*Directions*
The lines in the listing below are to be given again exactly, starting at the line holding "1da28013449 gargantilha cartier" and ending at the line holding "Просьба проверочного кода". Do not include pictures.

*Task input*
********************
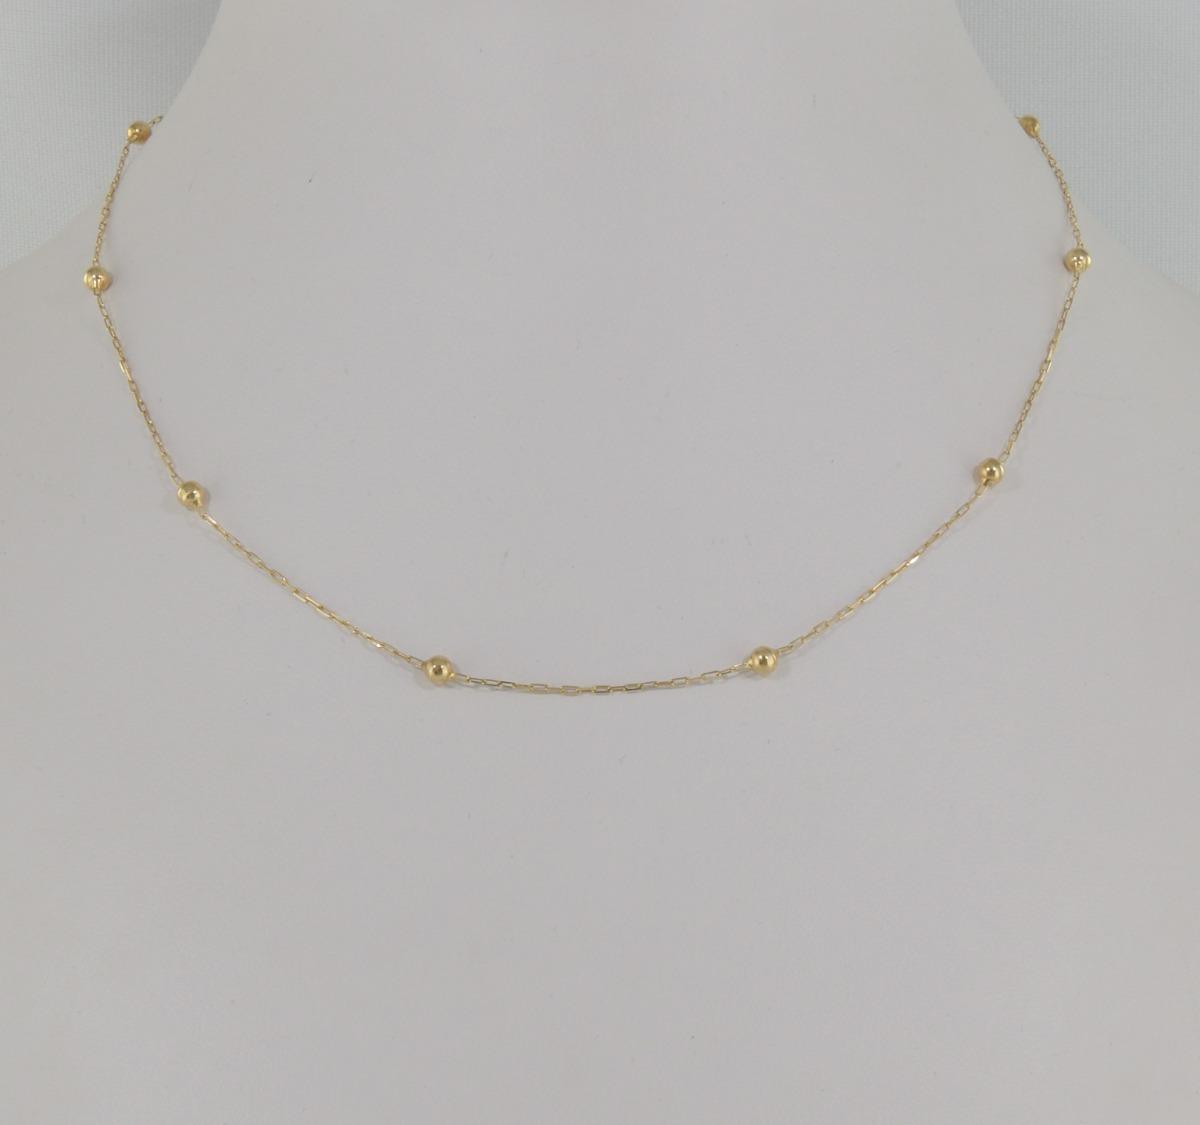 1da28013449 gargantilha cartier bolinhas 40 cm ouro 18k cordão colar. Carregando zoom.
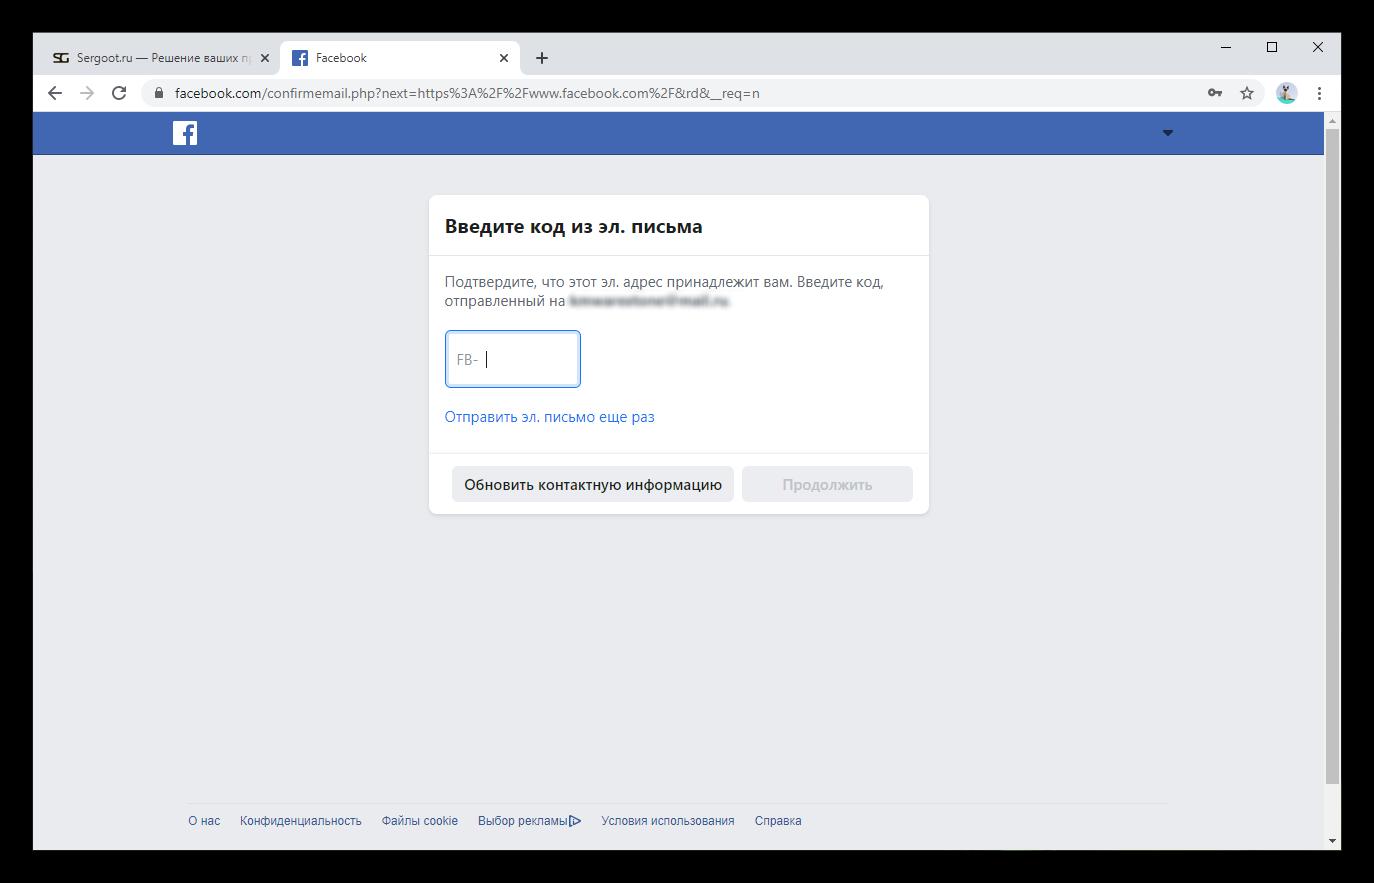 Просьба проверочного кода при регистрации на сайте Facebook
********************
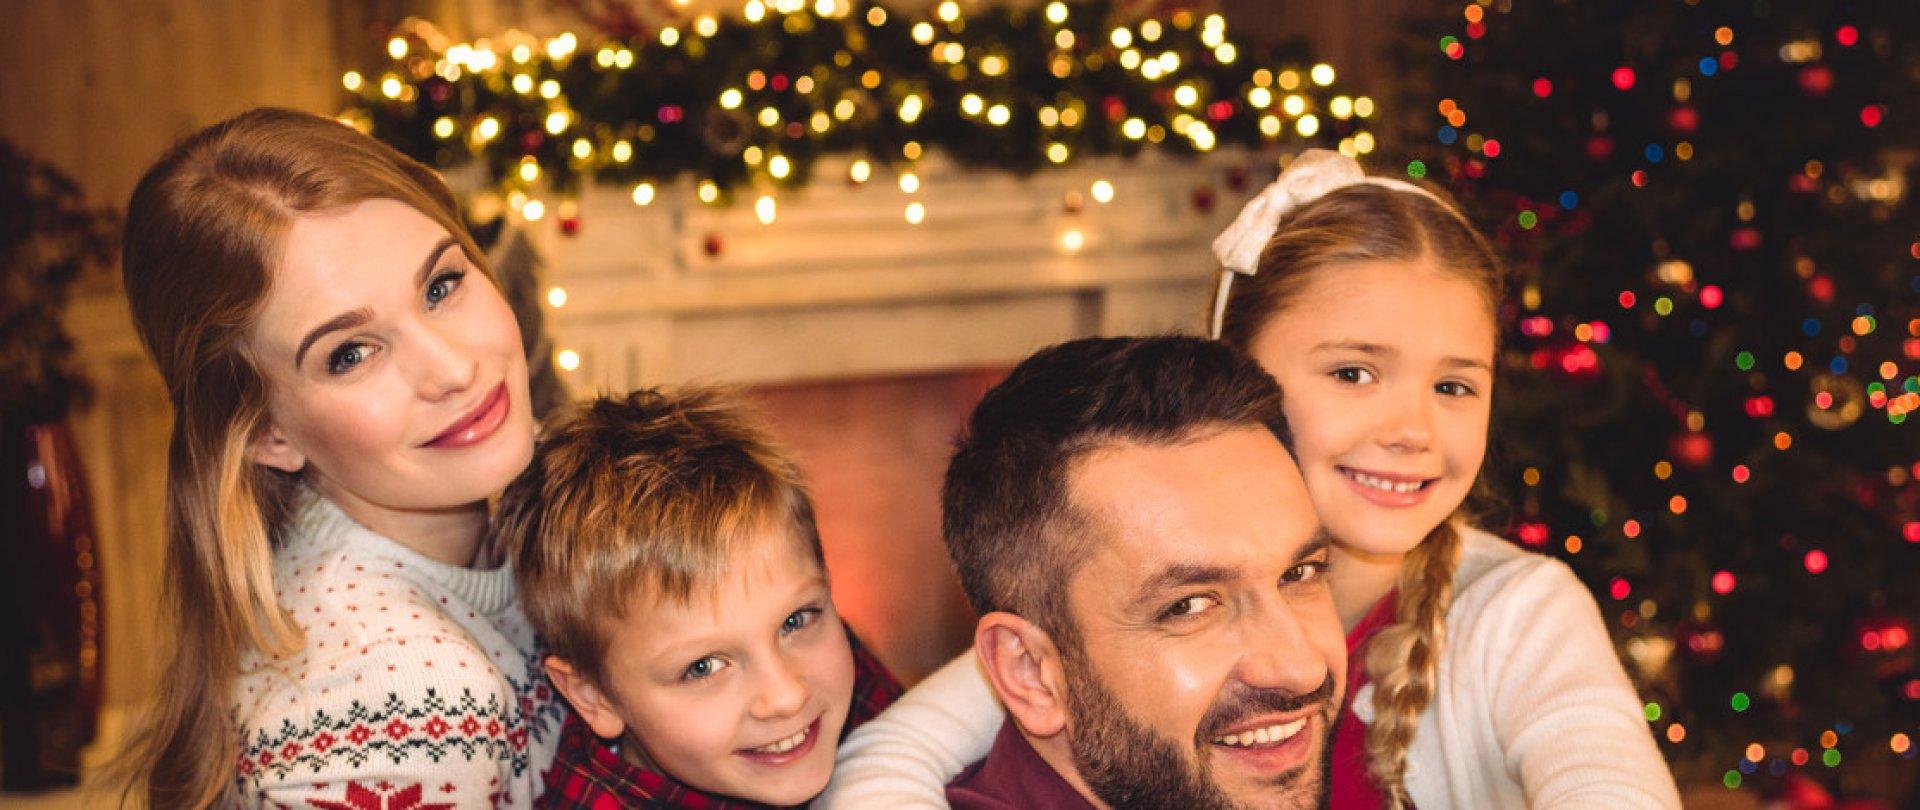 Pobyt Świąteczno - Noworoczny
********************
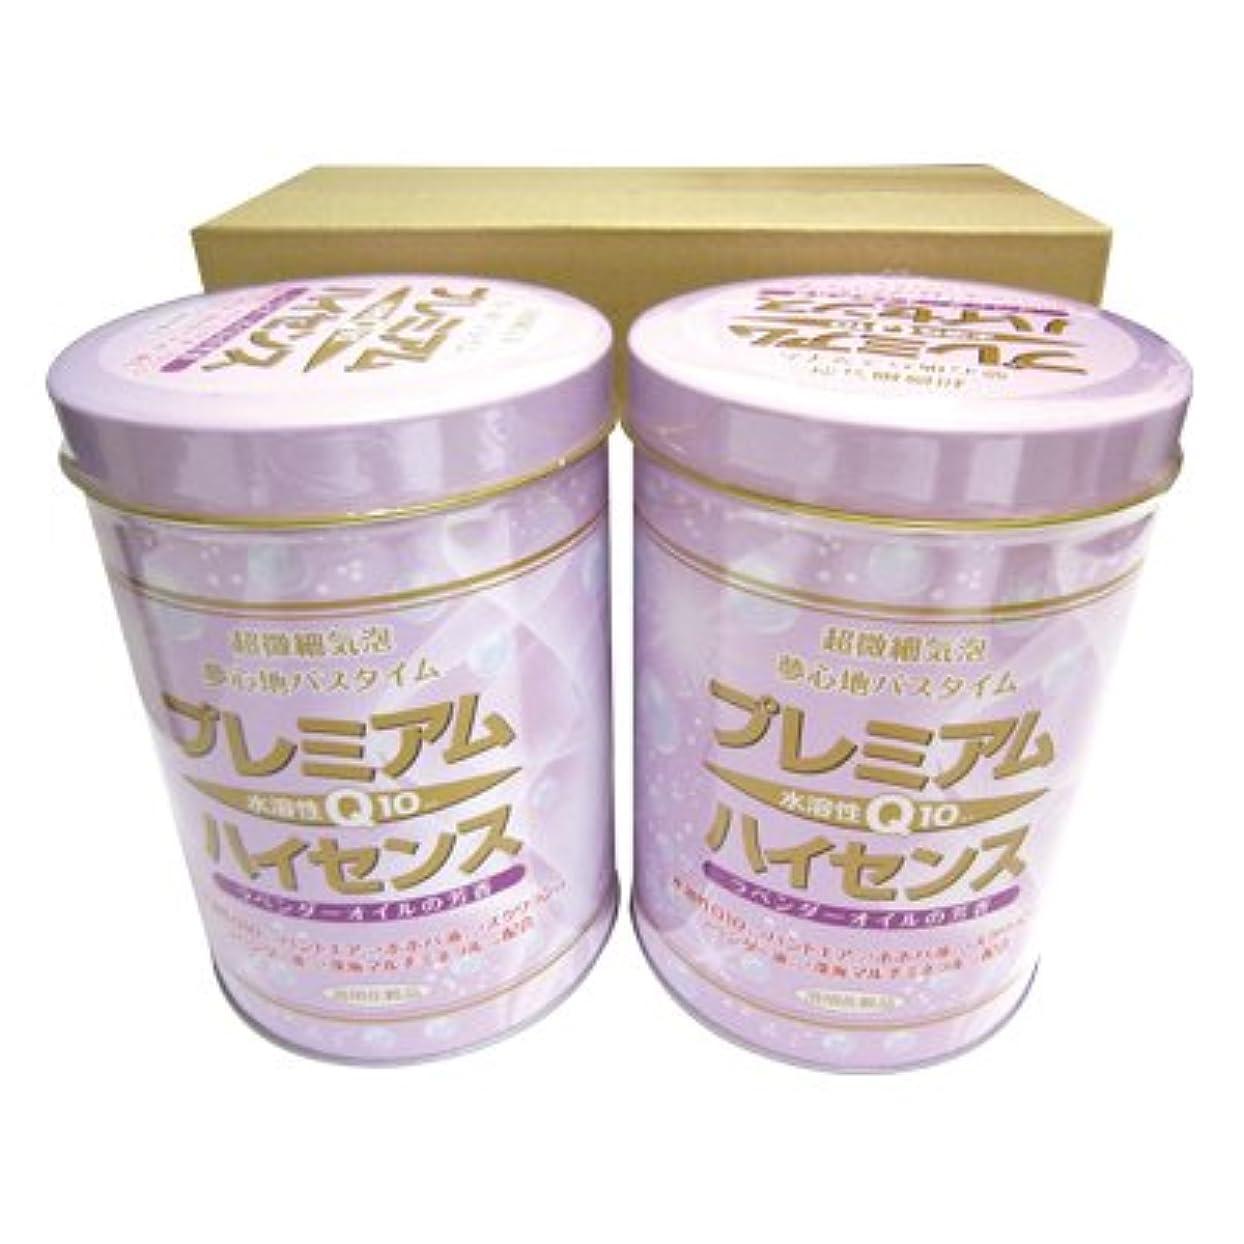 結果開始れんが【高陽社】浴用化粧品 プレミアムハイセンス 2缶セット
********************
*Result for this task*
 1da28013449 gargantilha cartier bolinhas 40 cm ouro 18k cordão colar. Carregando zoom.
 Просьба проверочного кода при регистрации на сайте Facebook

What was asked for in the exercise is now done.